Message par uno » 03 avr. 2019, 01:30

Riposte vitale a écrit : 03 avr. 2019, 01:00Qu'en pensez-vous ?
Que tu compiles ce qui t'arrange sans vraiment remettre en contexte ou comprendre ce que tu compiles. Oui parce qu'il y a de nombreux millions d'années nous avions acquis des traits de régimes de type herbivores, normal c'était bien avant l'hominisation, cette dernière s'étant défini par un régime plus varié et davantage de viande. Bref ta présente citation ne change rien à l'affaire. De plus ci maintenant tu mentionne le régime paléo, que personne ne soutien ici, alors tu n'es pas sorti de l'auberge.
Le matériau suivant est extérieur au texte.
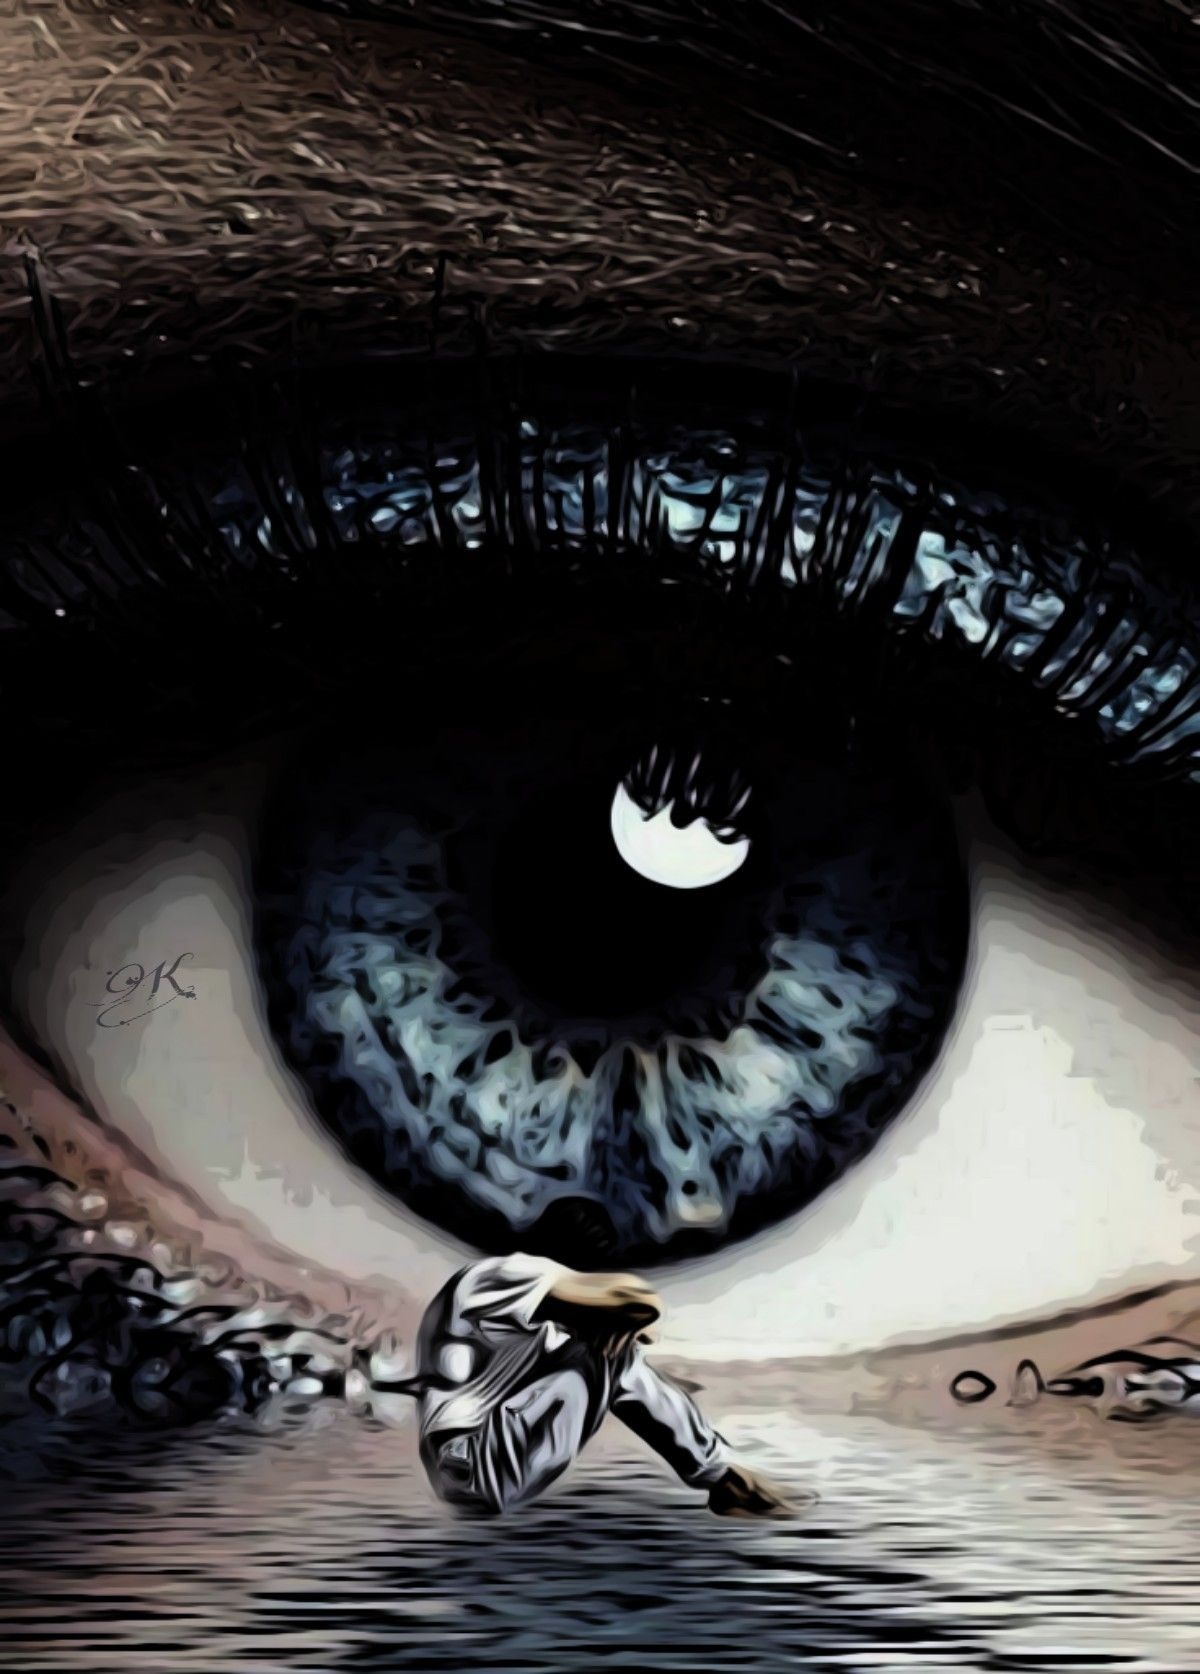 Pin by Inesa on MIRADAS HERMOSAS (Kay) Trippy eye, Cool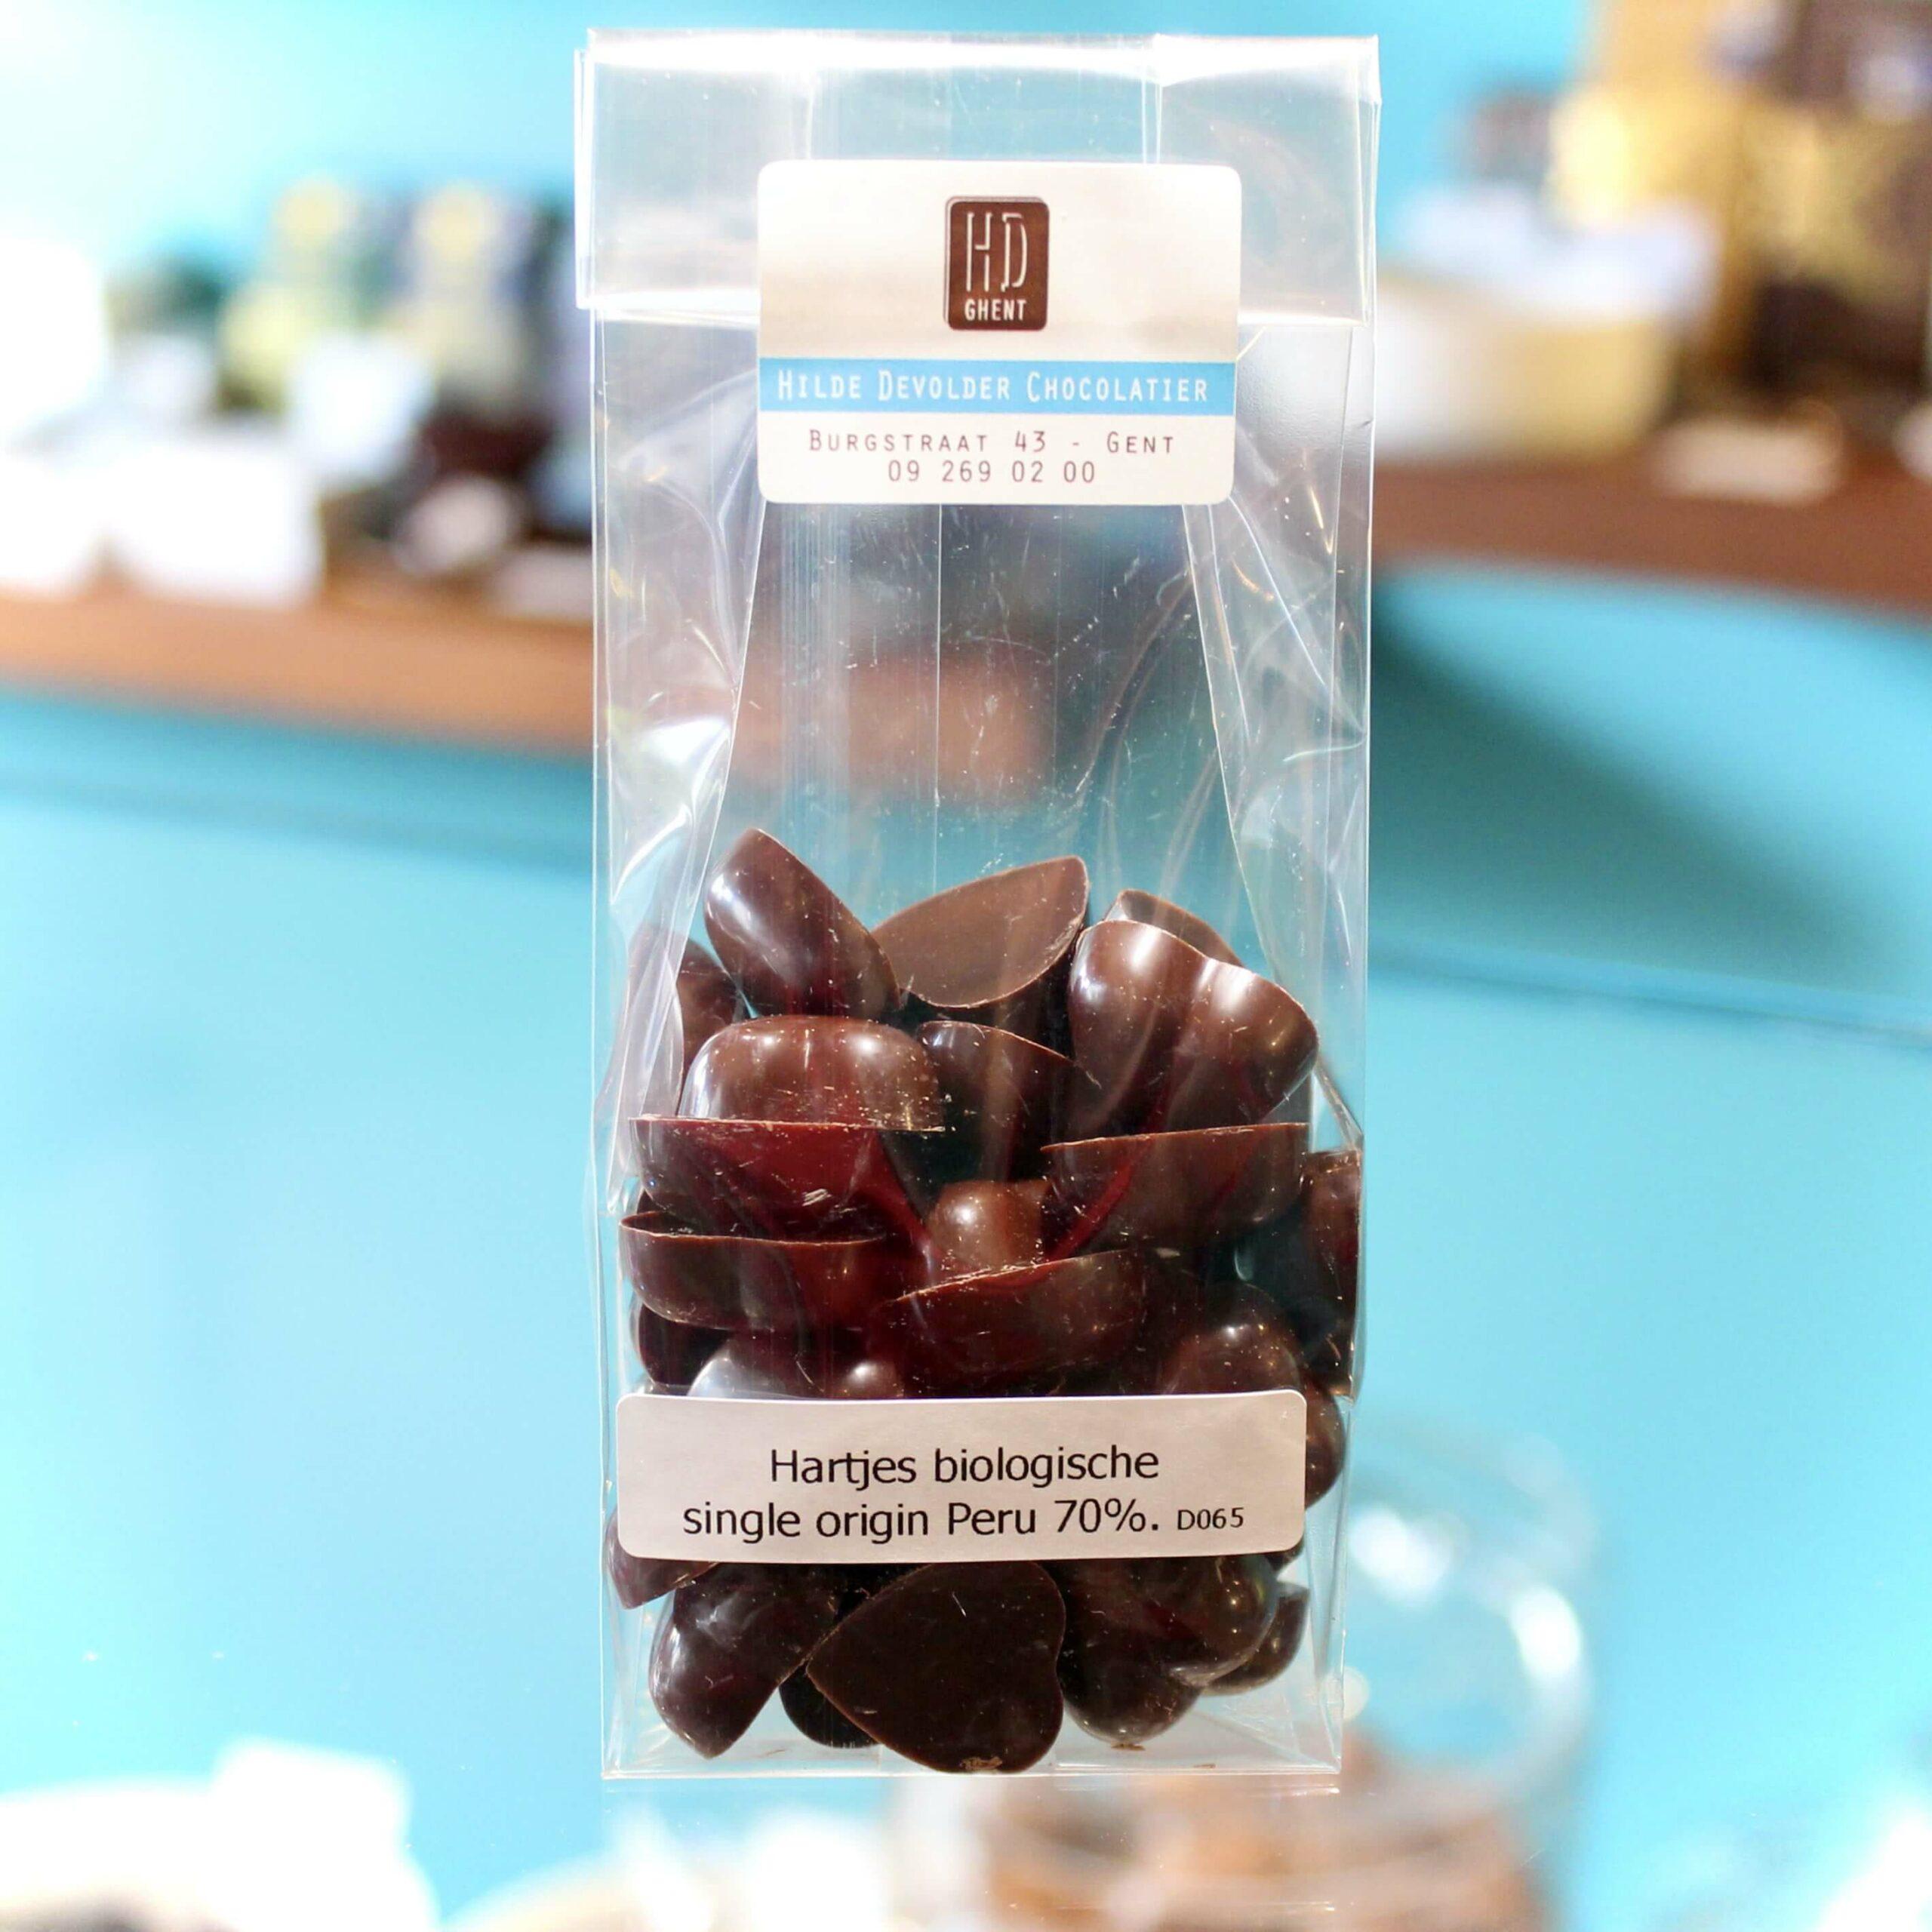 hilde devolder chocolatier hearts peru 70 organic fair trade

Encore que l'on sait que des populations humaines se sont adapté sans problème à des régimes essentiellement carnée, cela faisant parti des possibilité que nous permet la souplesse d'être omnivore, ce n'est pas pour autant qu'il faut recommandé ce type de régime aujourd'hui et cela pour plusieurs raisons (notamment les problèmes lié à la consommation de viande cru d'un animal fraîchement mis à mort, indispensable pour la vitamine C sans source végétales, la cuisson de la viande la détruisant). Bref tu tournes en rond en échouant à mettre en doute le caractère omnivore de notre espèce car encore une fois celui-ci est factuel.
Dernière modification par uno le 03 avr. 2019, 02:39, modifié 1 fois.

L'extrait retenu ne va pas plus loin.